Things to Do in Fort Wayne and Beyond

Huckleberry Blue Band


Mark Hunter

Whatzup Features Writer

Published March 27, 2008

Heads Up! This article is 14 years old.

There is a line dividing fans of country music. On one side stands the pop-country enthusiast, fans of so-called – hat acts – churned out by the Nashville money people on Music Row, with songs that writing teams polish and script like greeting cards, with a heavy reliance on cutesy, repetitive rhyming schemes, easy sentimentality and proven hooks. On the other side stands the traditional country fan: folks who prefer their county a little rough around the edges with a cold beer and a shot of whiskey. They like songs that dig a little deeper into the human condition from a more personal perspective, songs about pain “pain usually caused by too much drinkin’, lovin’ and fightin’.

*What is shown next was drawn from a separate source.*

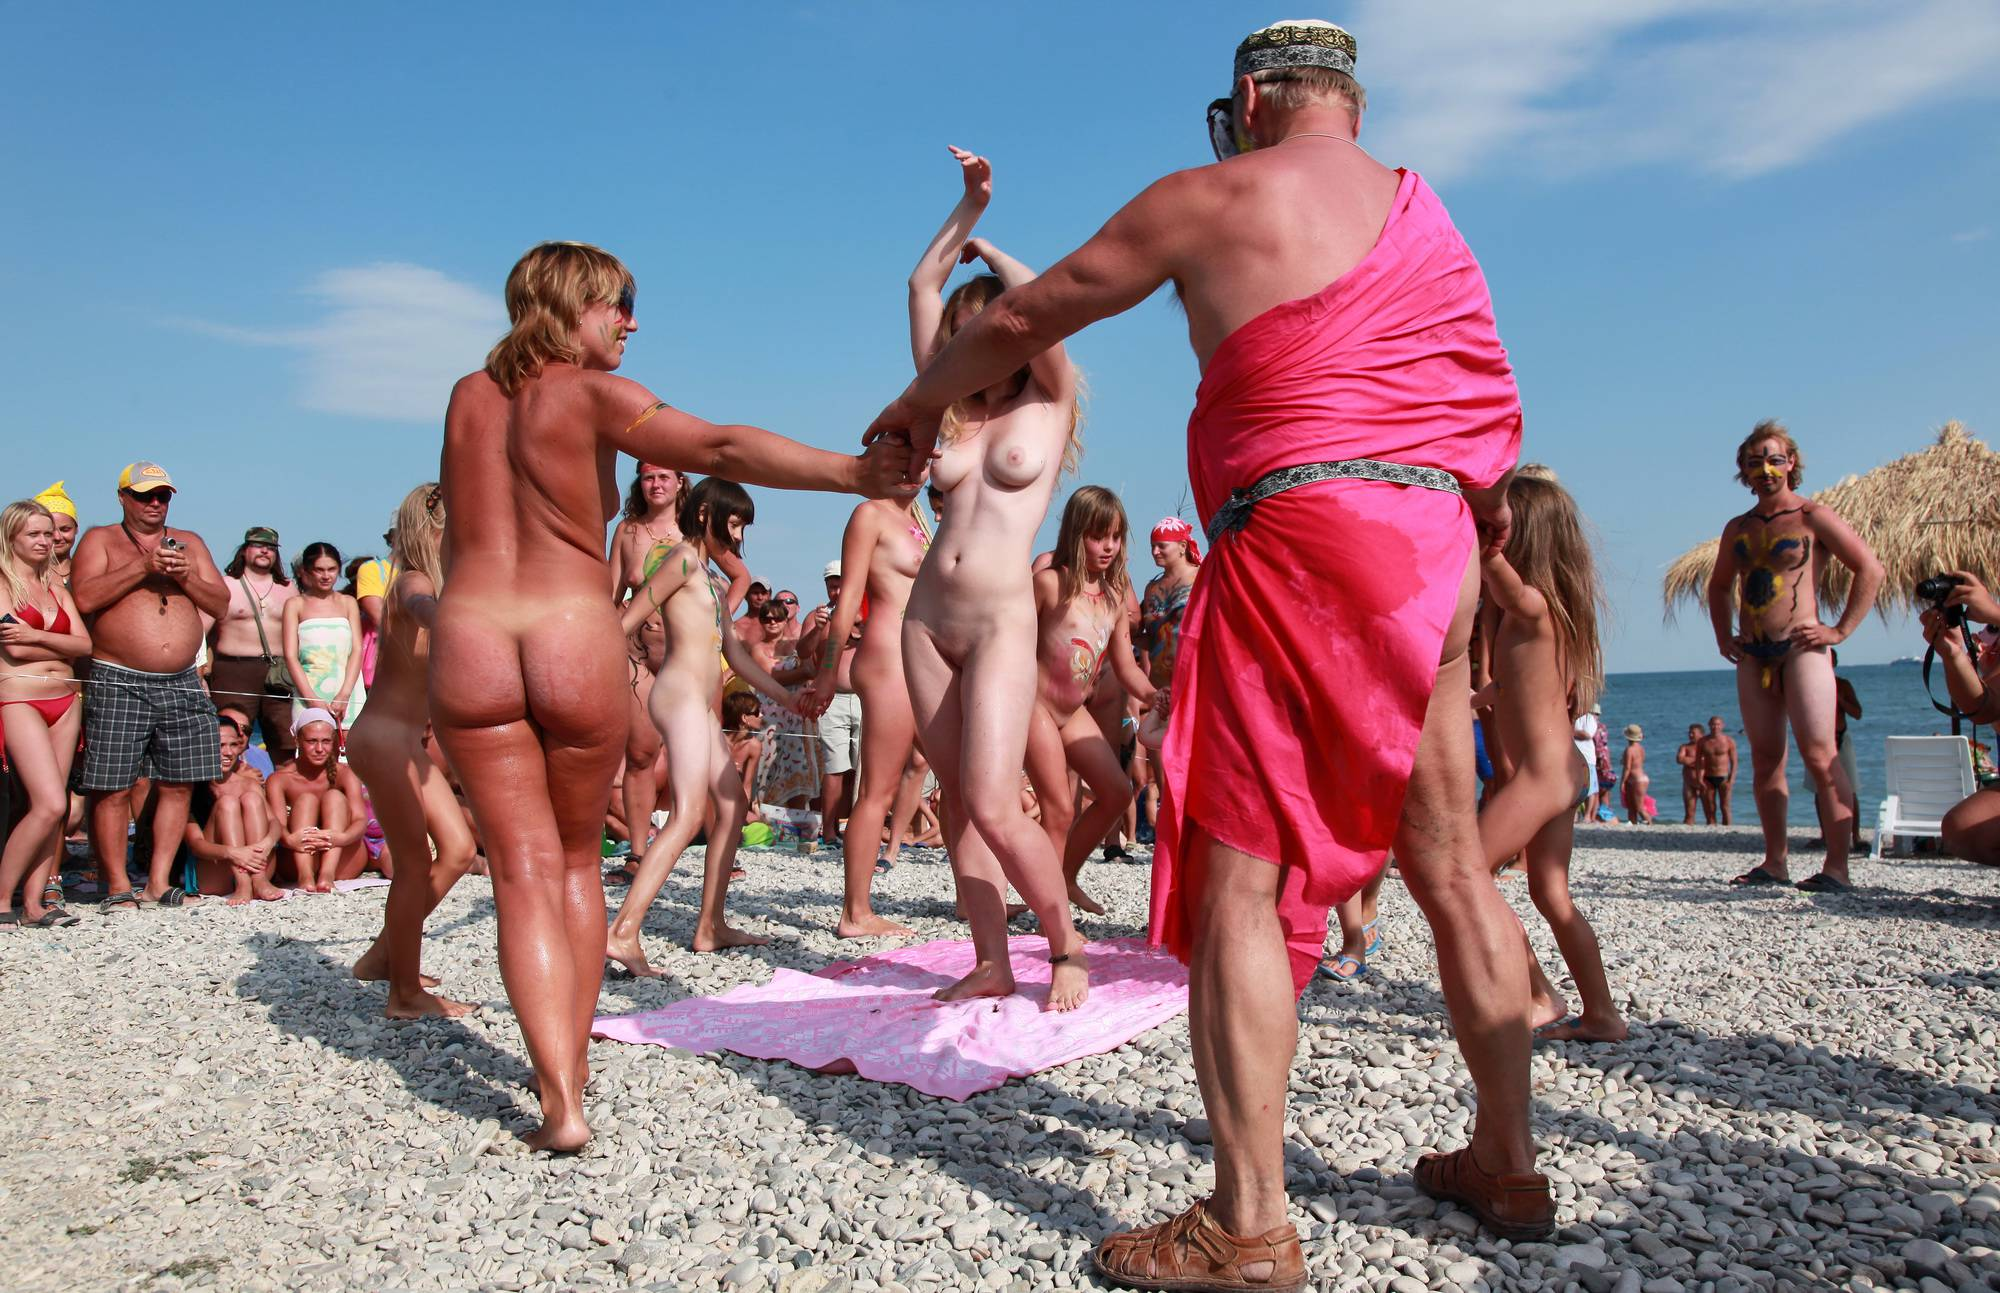 Nudist Pics Naturist Circular Dancing - 2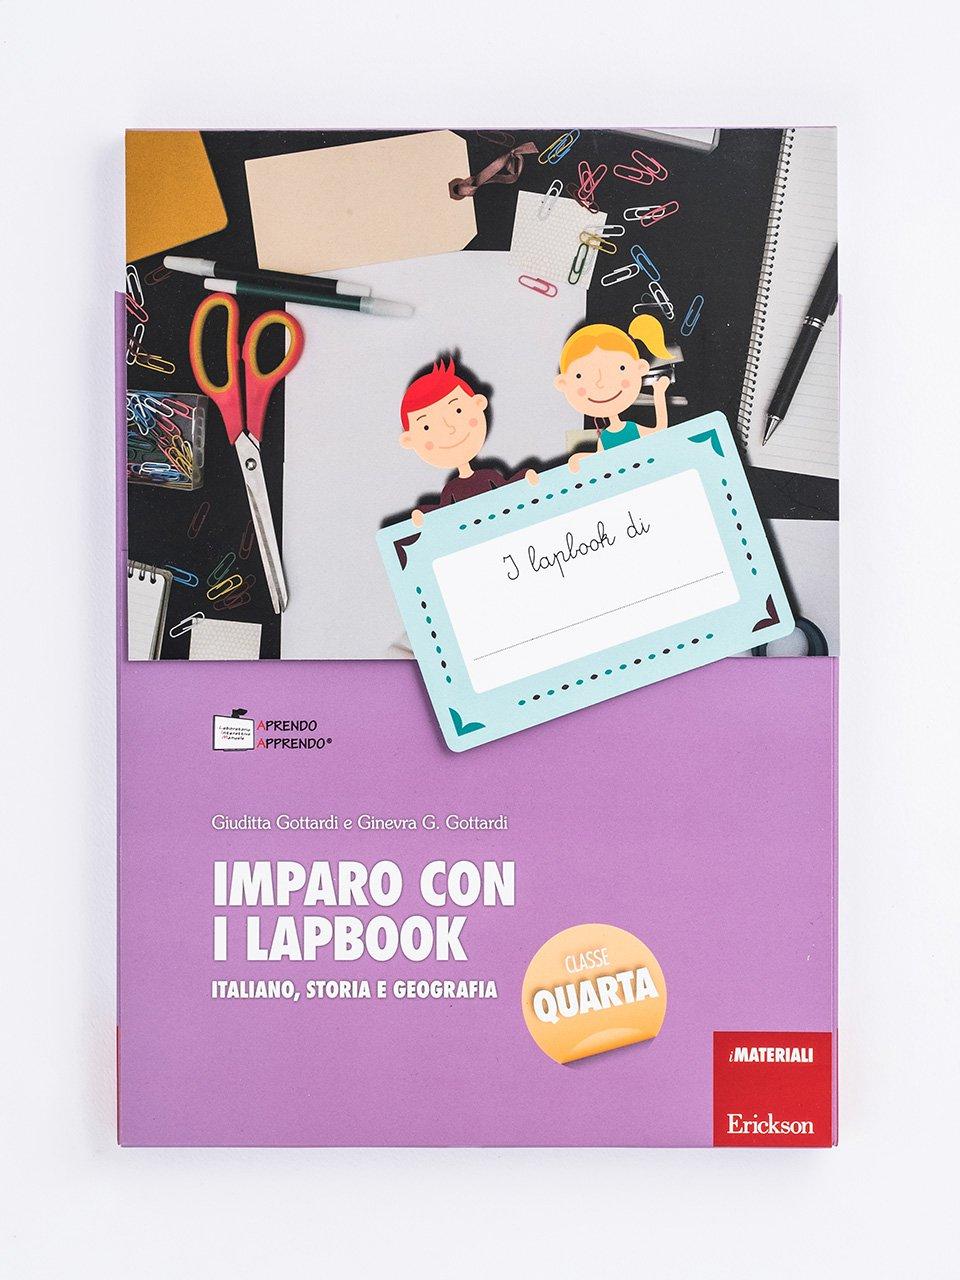 Imparo con i lapbook - Italiano, storia e geografia - Classe quarta - Ginevra G. Gottardi - Erickson

Huckleberry Blue, a six-piece band from Columbia City, clearly prefer the traditional side of country music. They call their music – honky grass – “old-style honky-tonk with a side of bluegrass for good measure” and cite Johnny Cash, John Prine, Merle Haggard, Sugarland, Bonnie Raitt, Dixie Chicks, Steve Earle and the three Hanks as influences. Frontman Josh Copp goes so far list “pop-country” as his pet peeve on the band’s web site.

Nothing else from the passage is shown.